Kirsten Walkom says the grief experienced by Williams' victims and their loved ones is not meant for entertainment.

The One Little Goat Theatre Company plans to premiere "Smyth/Williams'' in March, with an all-female cast that will alternate the roles of Ontario Provincial Police Det. Sgt. Jim Smyth and Williams through the performance.

The Toronto-based company says the play aims to raise awareness of sexual violence against women and calls the production an important part of a wider process of coming to terms with "the horror, rage and grief that such violence has occurred and continues to occur throughout Canada."

But Walkom says the play makes the victims' families feel exploited and should be cancelled.

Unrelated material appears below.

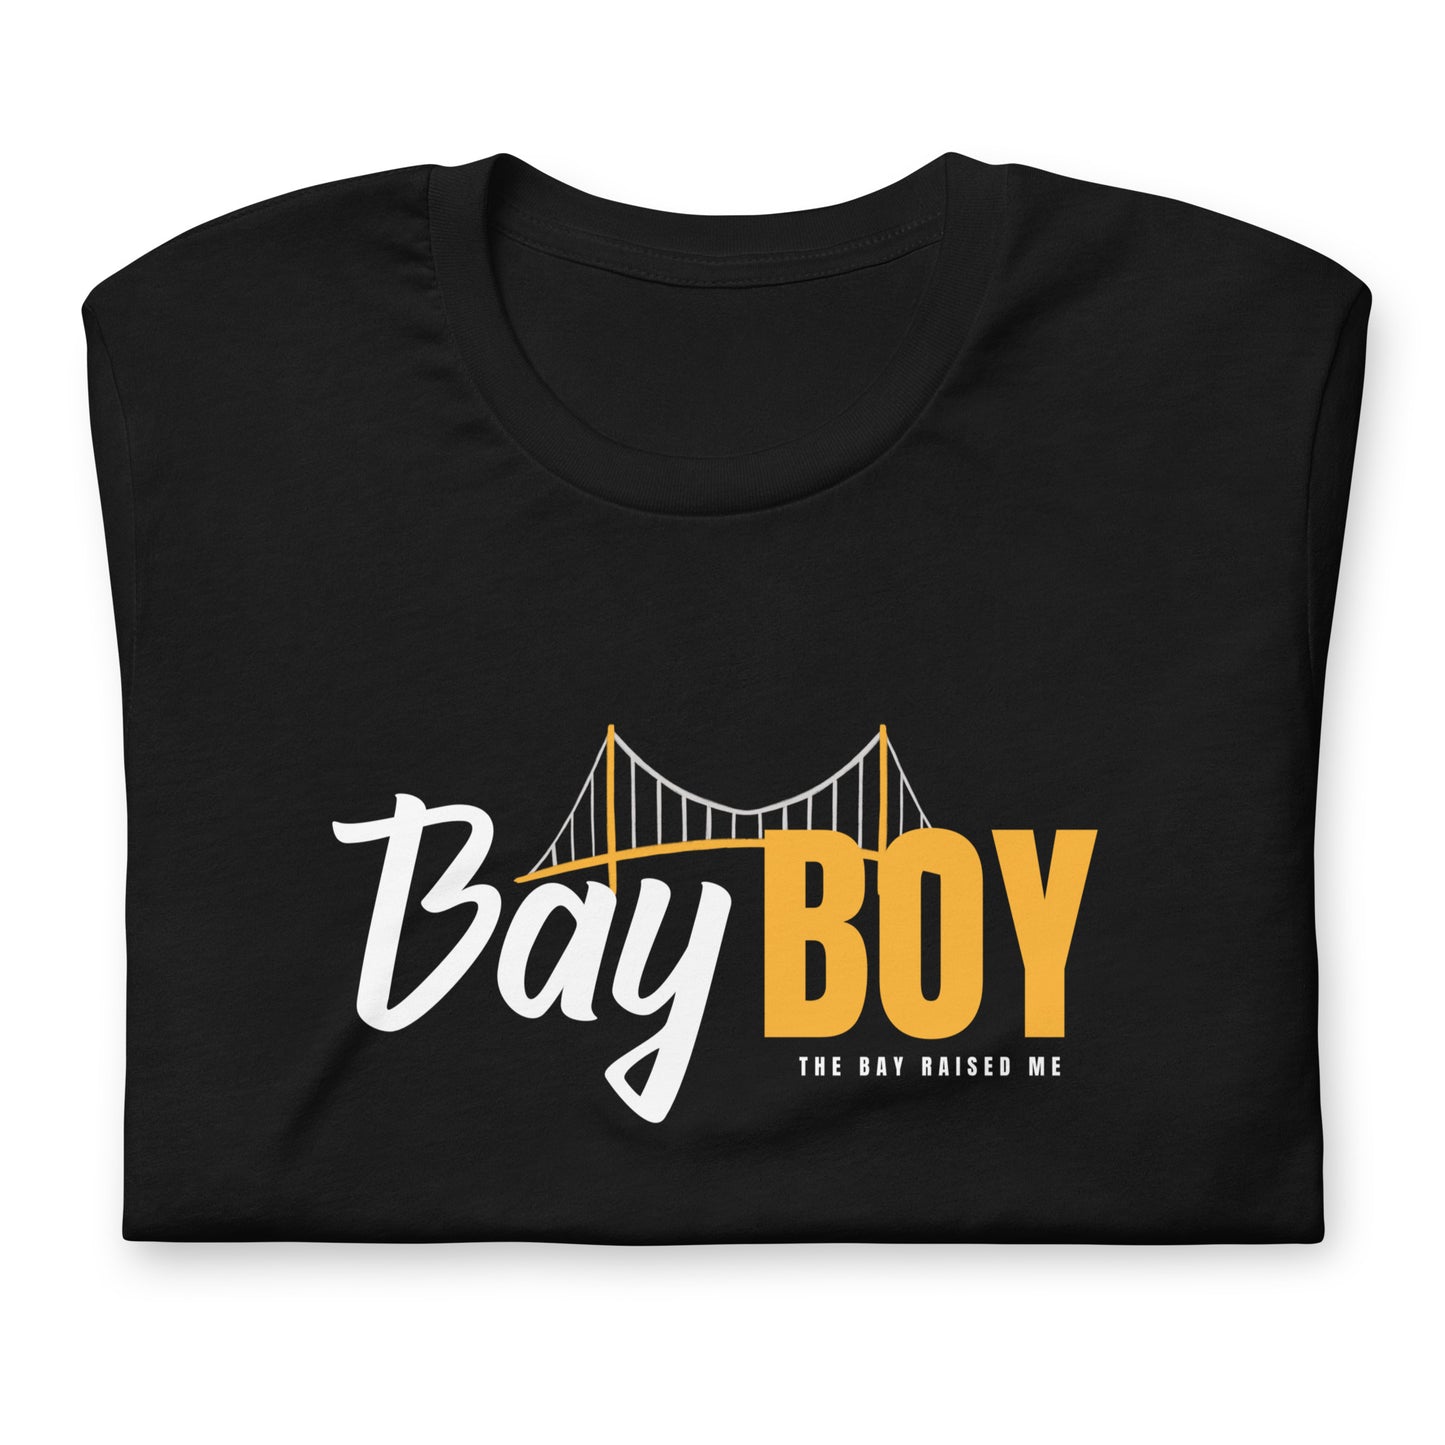 Bay BOY Unisex T-Shirt

Williams was sentenced to life in prison in October 2010 after pleading guilty to the murders of two women -- 37-year-old Cpl. Marie-France Comeau and 27-year-old Jessica Lloyd.

The former commander of CFB Trenton, Canada's largest military airfield, also pleaded guilty to 82 fetish break-and-enters and thefts as well as two sexual assaults.

Walkom was very close to Lloyd and her family. She attended every day of Williams' trial and provided a victim impact statement in court.

The 32-year-old said Lloyd's family is disgusted at the planned play.

"We need to stop sensationalizing violence against women and we're not doing ourselves any favours in pretending this is entertainment," said Walkom, who spoke on behalf of Lloyd's family and friends. "I also really feel victims, their families and their friends have the right to express their voice and to have more rights over their stories -- it's their narrative."